On June 4, 2021, the U.S. Food and Drug Administration (FDA) approved Ryplazim (plasminogen, human-tvmh) for the treatment of patients with plasminogen deficiency type 1. FDA approval was based on one single-arm, open-label (unblinded) clinical trial that evaluated the efficacy and safety of Ryplazim in patients with plasminogen deficiency type 1. The clinical trial included a total of 15 patients who had a baseline plasminogen activity level between less than 5% and 45% of normal, and biallelic mutations in the plasminogen (PLG) gene. The age range was 4 to 42 years old, including 6 pediatric patients age 4 to 16 years, and 9 adults. All patients received Ryplazim at a dose of 6.6 mg/kg administered every 2 to 4 days for 48 weeks to achieve at least an increase of individual trough plasminogen activity by an absolute 10% above baseline and to treat the clinical manifestations of the disease. Efficacy was established on the basis of overall rate of clinical success at 48 weeks. Overall rate of clinical success is defined as 50% of patients with visible or other measurable non-visible lesions achieving at least 50% improvement in lesion number/size, or functionality impact from baseline. Spirometry was the only test of organ function used and one patient had abnormal spirometry at baseline. This patient had a history of ligneous airway disease with a severe obstructive ventilatory defect (FEV1: 46.7% of predicted normal) at baseline prior to treatment that corrected to normal (FEV1: 89.3% of predicted normal) after 12 weeks of treatment. All patients with any lesion at baseline had at least 50% improvement in the number/size of their lesions (FDA, 2021; Kedrion Biopharma, 2024).
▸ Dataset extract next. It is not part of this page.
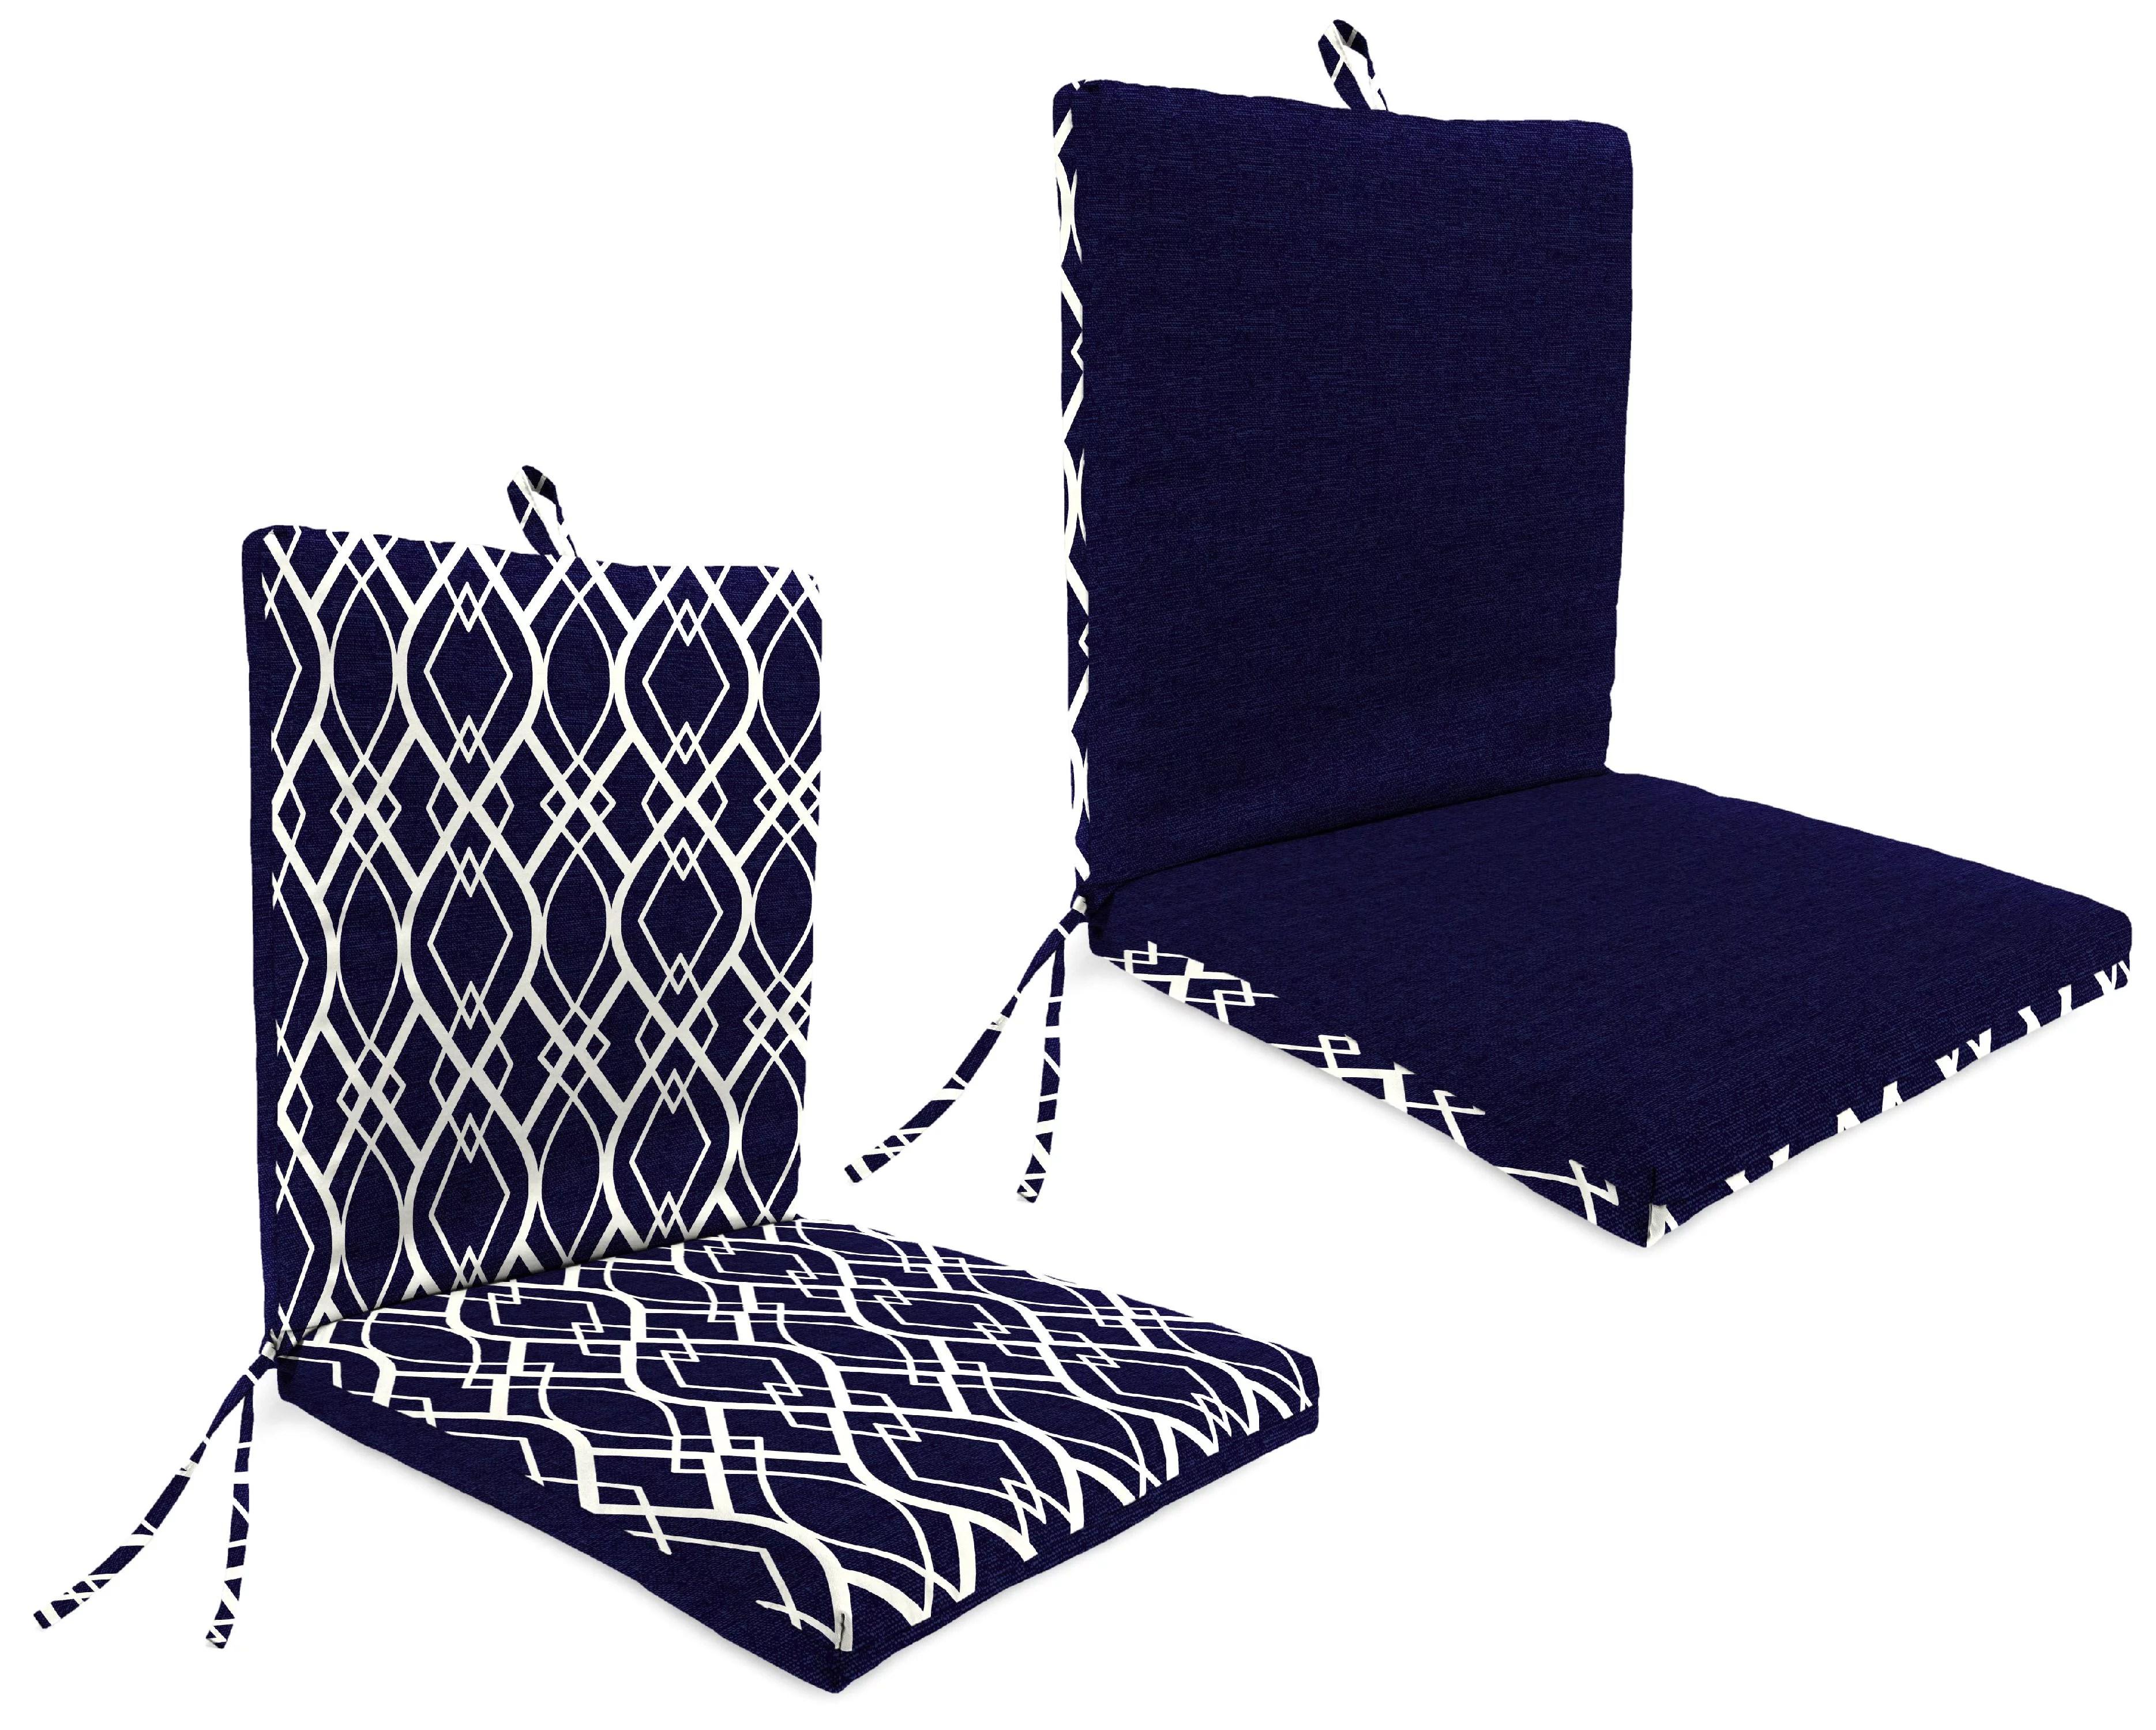 mainstays 1 piece outdoor chair cushion navy trellis

The outcome from the trial on patients with external lesions found that 25 of the 32 (78%) external lesions [with sites mainly located in the eyes (ligneous conjunctivitis), nose, gums (ligneous gingivitis), ligneous lesions of the hands and feet] were resolved by the end of Week 48. There were no recurrent or new external lesions in any patient through Week 48. The outcome from the trial on patients with internal lesions found that 9 of the 12 (75%) assessed internal lesions were resolved by Week 48. The lesion sites were mainly located in the cervix, bronchus, colon, vagina and uterus. No recurrent or new lesions were found on imaging in any patient through Week 48 (Kedrion Biopharma, 2024).

In summary, the effectiveness of Ryplazim was demonstrated by at least 50% improvement of the patient's lesions in all 11 patients who had lesions at baseline, and absence of recurrent or new lesions in any of the 15 patients through the 48 weeks of treatment.

References

The above policy is based on the following references:

  1. Celkan T. Plasminogen deficiency. J Thromb Thrombolysis. 2017;43(1):132-138.
  2. Kedrion Biopharma, Inc. Ryplazim (plasminogen, huma-tvmh) lyophilized powder for reconstitution, for intravenous use. Prescribing Information. Fort Lee, NJ: Kedrion Biopharma; revised January 2024.
  3. National Institutes of Health (NIH). Type 1 plasminogen deficiency. Genetic and Rare Diseases Information Center (GARD). Bethesda, MD: NIH; updated June 2016.
  4. National Organization for Rare Disorders (NORD). Congenital plasminogen deficiency. NORD Rare Disease Database. Danbury, CT: NORD; updated May 2016.
  5. Shapiro AD, Nakar C, Parker JM, et al. Plasminogen replacement therapy for the treatment of children and adults with congenital plasminogen deficiency. Blood. 2018;131(12):1301-1310.
  6. U.S. Food and Drug Administration (FDA). FDA approves first treatment for patients with plasminogen deficiency, a rare genetic disorder. Press Release. Silver Spring, MD: FDA; June 4, 2021.